- **INFORMATION SUPPLIED**:
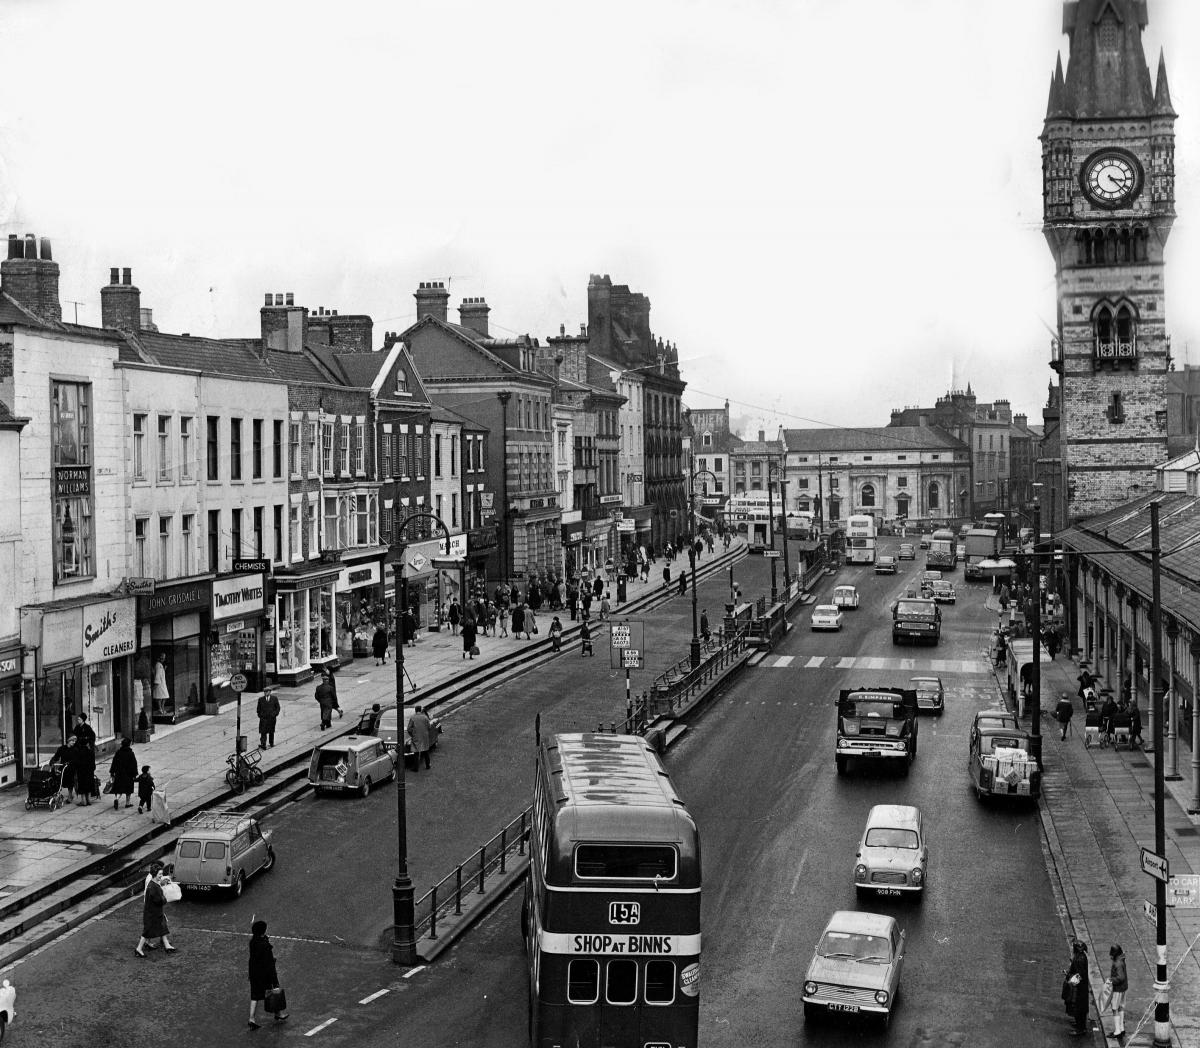 SHOP AT BINNS: So says the double decker turning on to High Row on April 7, 1966. Just above its roof, by the palisade is a line of deck chairs looking down onto the Great North Road
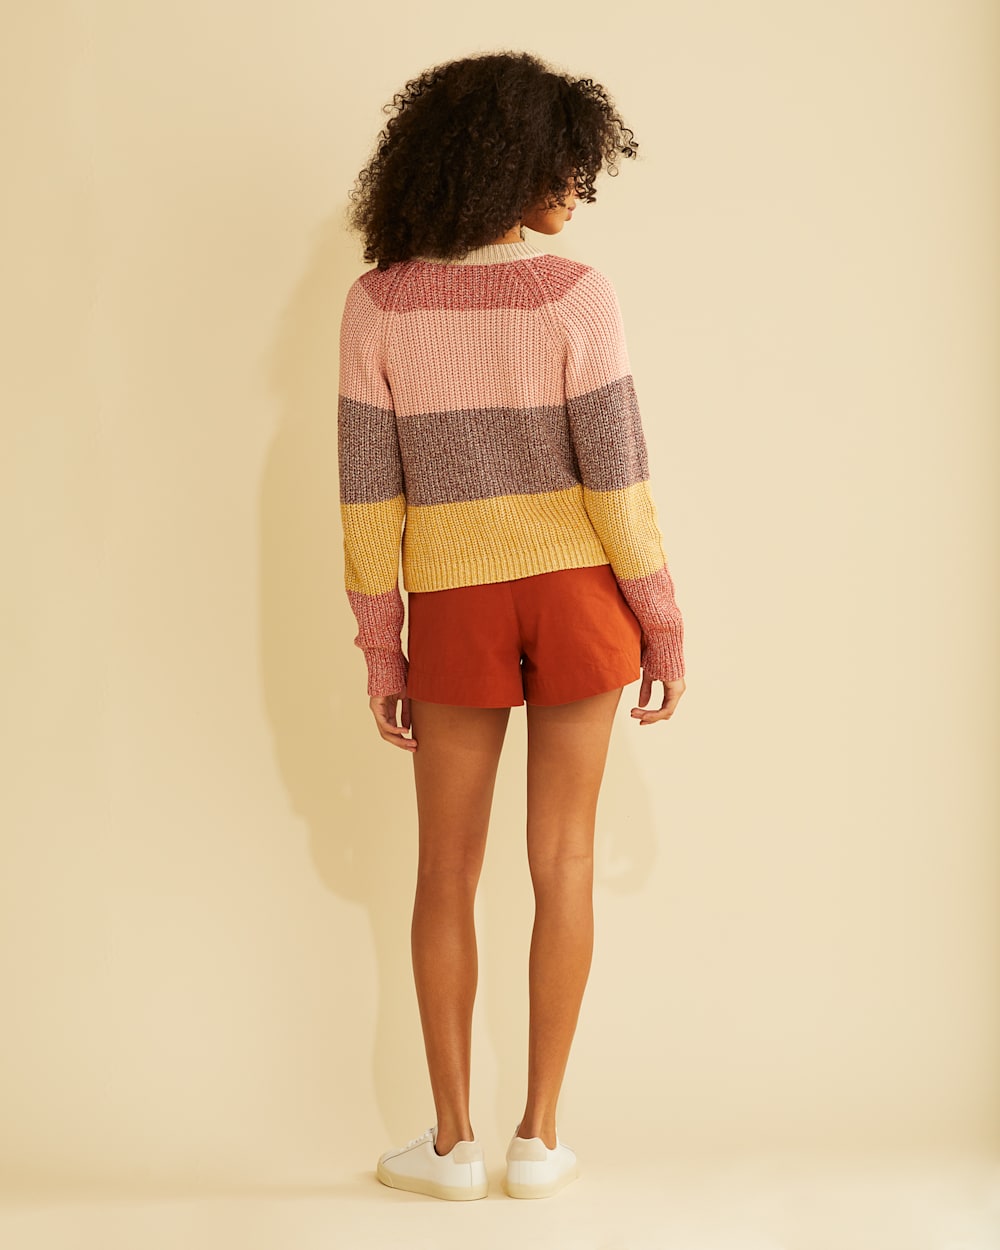 ALTERNATE VIEW OF WOMEN'S MAE STRIPED COTTON CARDIGAN IN SUNSET MULTI image number 3
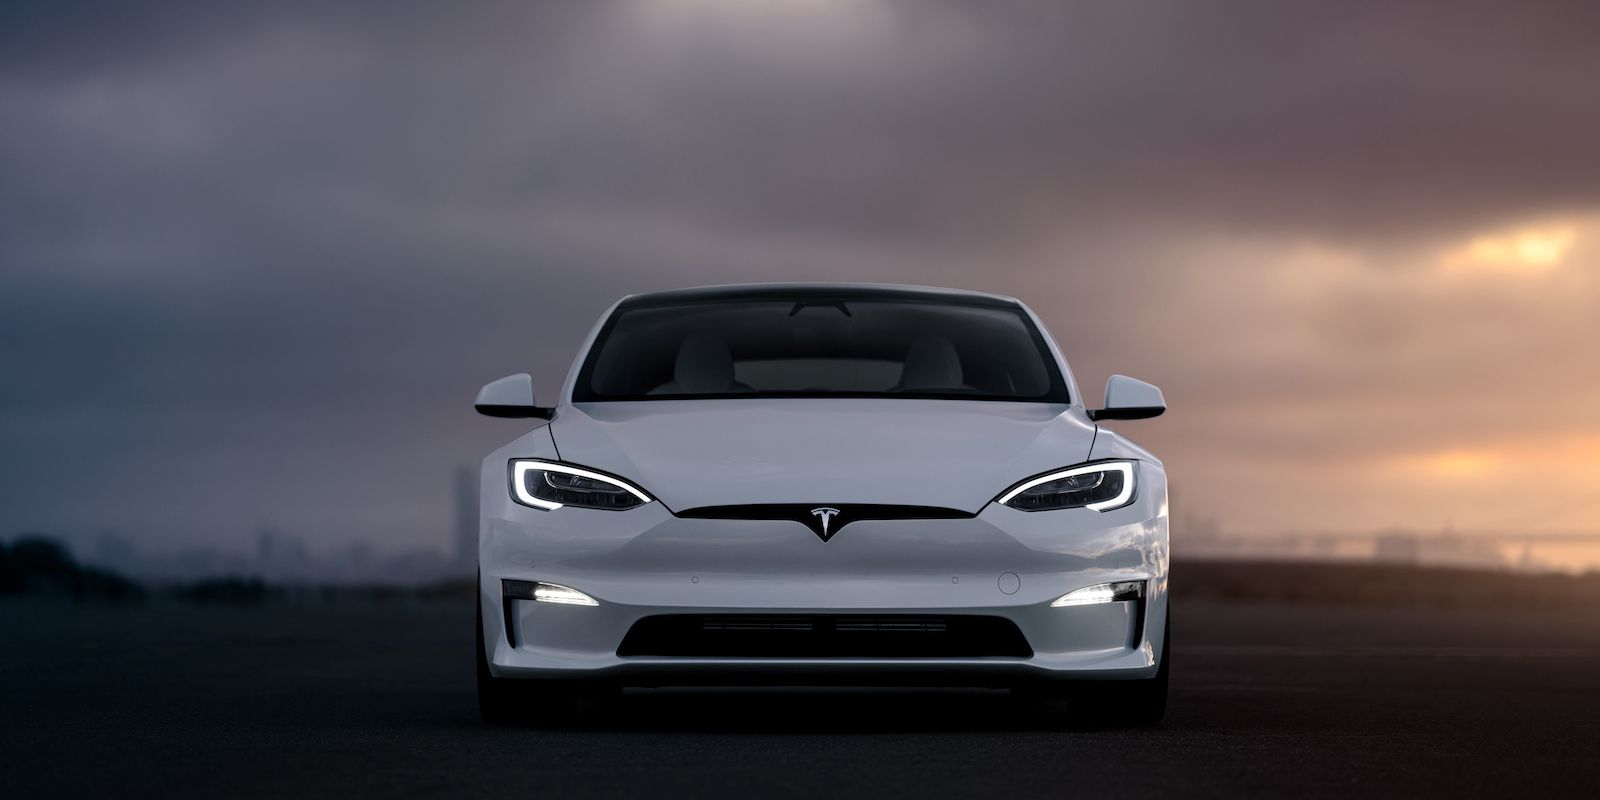 7 things to consider before buying a used Tesla

- **TASK TO COMPLETE**:
Give back the full listing exactly, with pictures dropped.

- **RESULT**:
 SHOP AT BINNS: So says the double decker turning on to High Row on April 7, 1966. Just above its roof, by the palisade is a line of deck chairs looking down onto the Great North Road
 ALTERNATE VIEW OF WOMEN'S MAE STRIPED COTTON CARDIGAN IN SUNSET MULTI image number 3
 7 things to consider before buying a used Tesla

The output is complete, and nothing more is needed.